Re: [PATCH] OvmfPkg/XenPlatformPei: Use CPUID to get physical address width on Xen



On 01/13/21 04:42, Igor Druzhinin wrote:
> We faced a problem with passing through a PCI device with 64GB BAR to
> UEFI guest. The BAR is expectedly programmed into 64-bit PCI aperture at
> 64G address which pushes physical address space to 37 bits.
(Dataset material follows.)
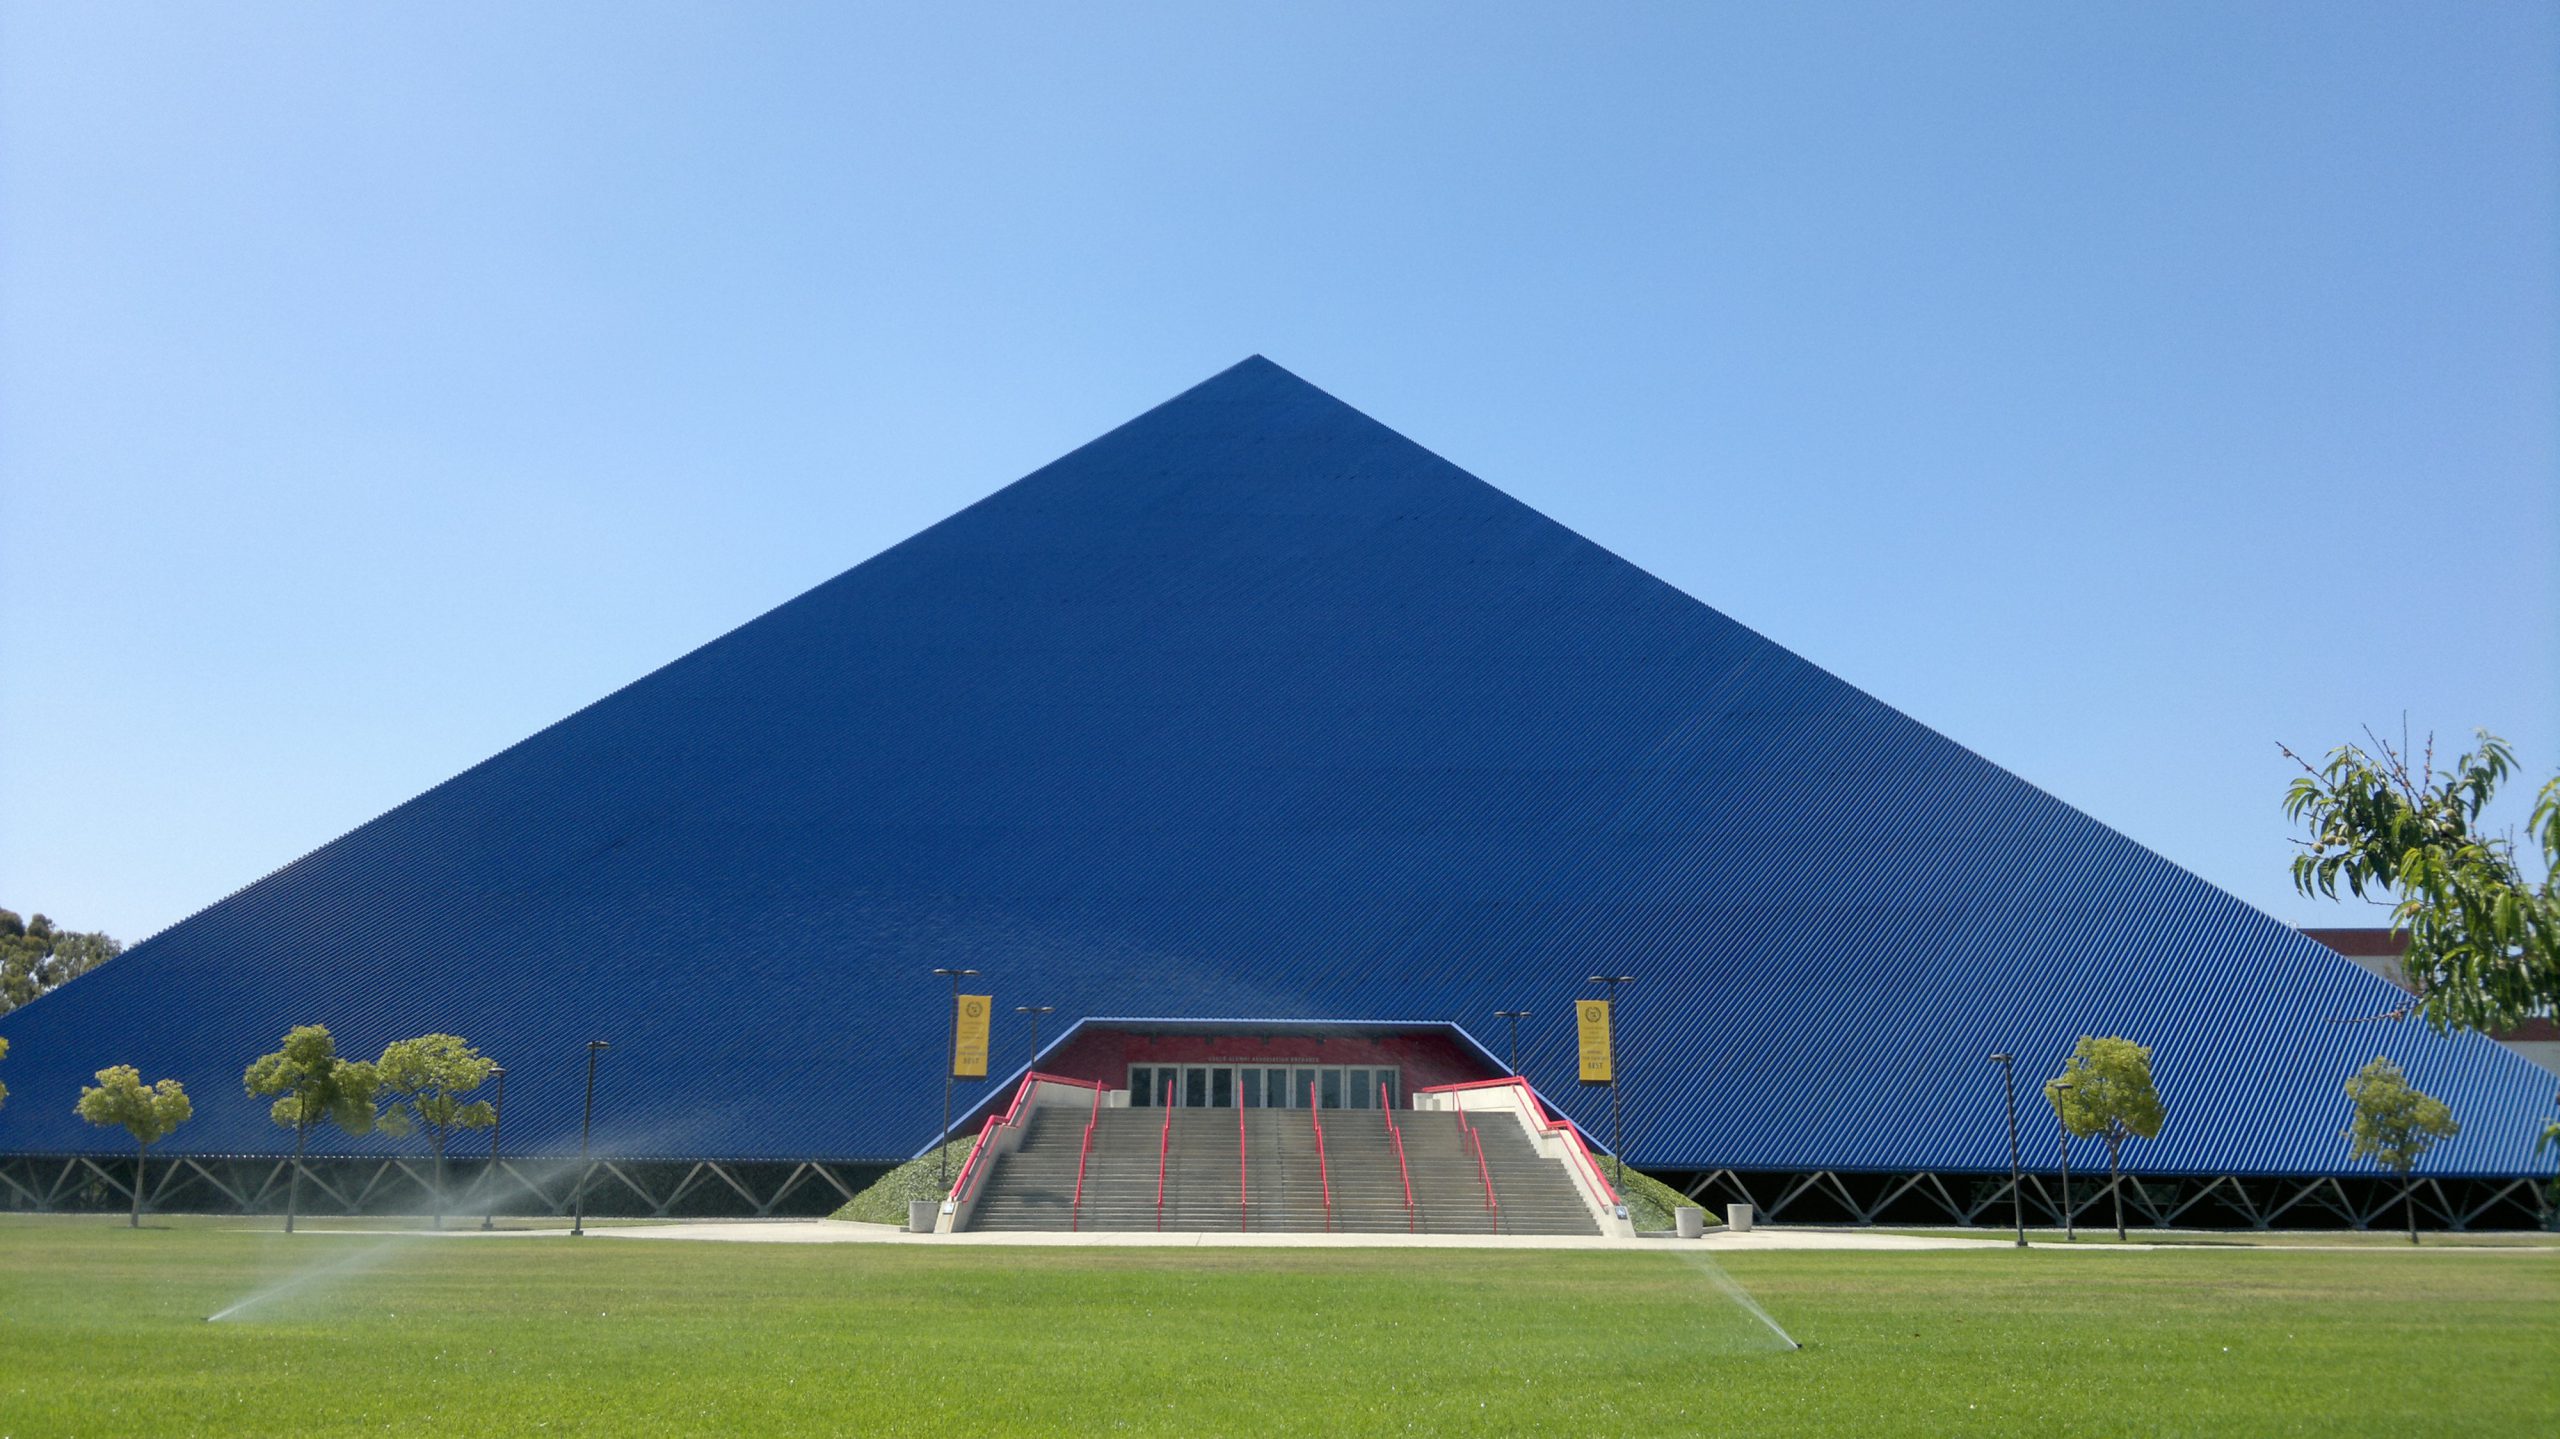 CSULB Pyramid

That is above
> 36-bit width that OVMF exposes currently to a guest without tweaking
> PcdPciMmio64Size knob.
> 
> The reverse calculation using this knob was inhereted from QEMU-KVM platform
> code where it serves the purpose of finding max accessible physical
> address without necessary trusting emulated CPUID physbits value (that could
> be different from host physbits). On Xen we expect to use CPUID policy
> to level the data correctly to prevent situations with guest physbits >
> host physbits e.g. across migrations.
> 
> The next aspect raising concern - resource consumption for DXE IPL page tables
> and time required to map the whole address space in case of using CPUID
> bits directly. That could be mitigated by enabling support for 1G pages
> in DXE IPL configuration. 1G pages are available on most CPUs produced in
> the last 10 years and those without don't have many phys bits.
> 
> Remove all the redundant code now (including PcdPciMmio64.. handling that's
> not used on Xen anyway) and grab physbits directly from CPUID that should
> be what baremetal UEFI systems do.
> 
> Signed-off-by: Igor Druzhinin <igor.druzhinin@xxxxxxxxxx>
> ---
>  OvmfPkg/OvmfXen.dsc                |   3 +
>  OvmfPkg/XenPlatformPei/MemDetect.c | 166 
> +++----------------------------------
>  2 files changed, 15 insertions(+), 154 deletions(-)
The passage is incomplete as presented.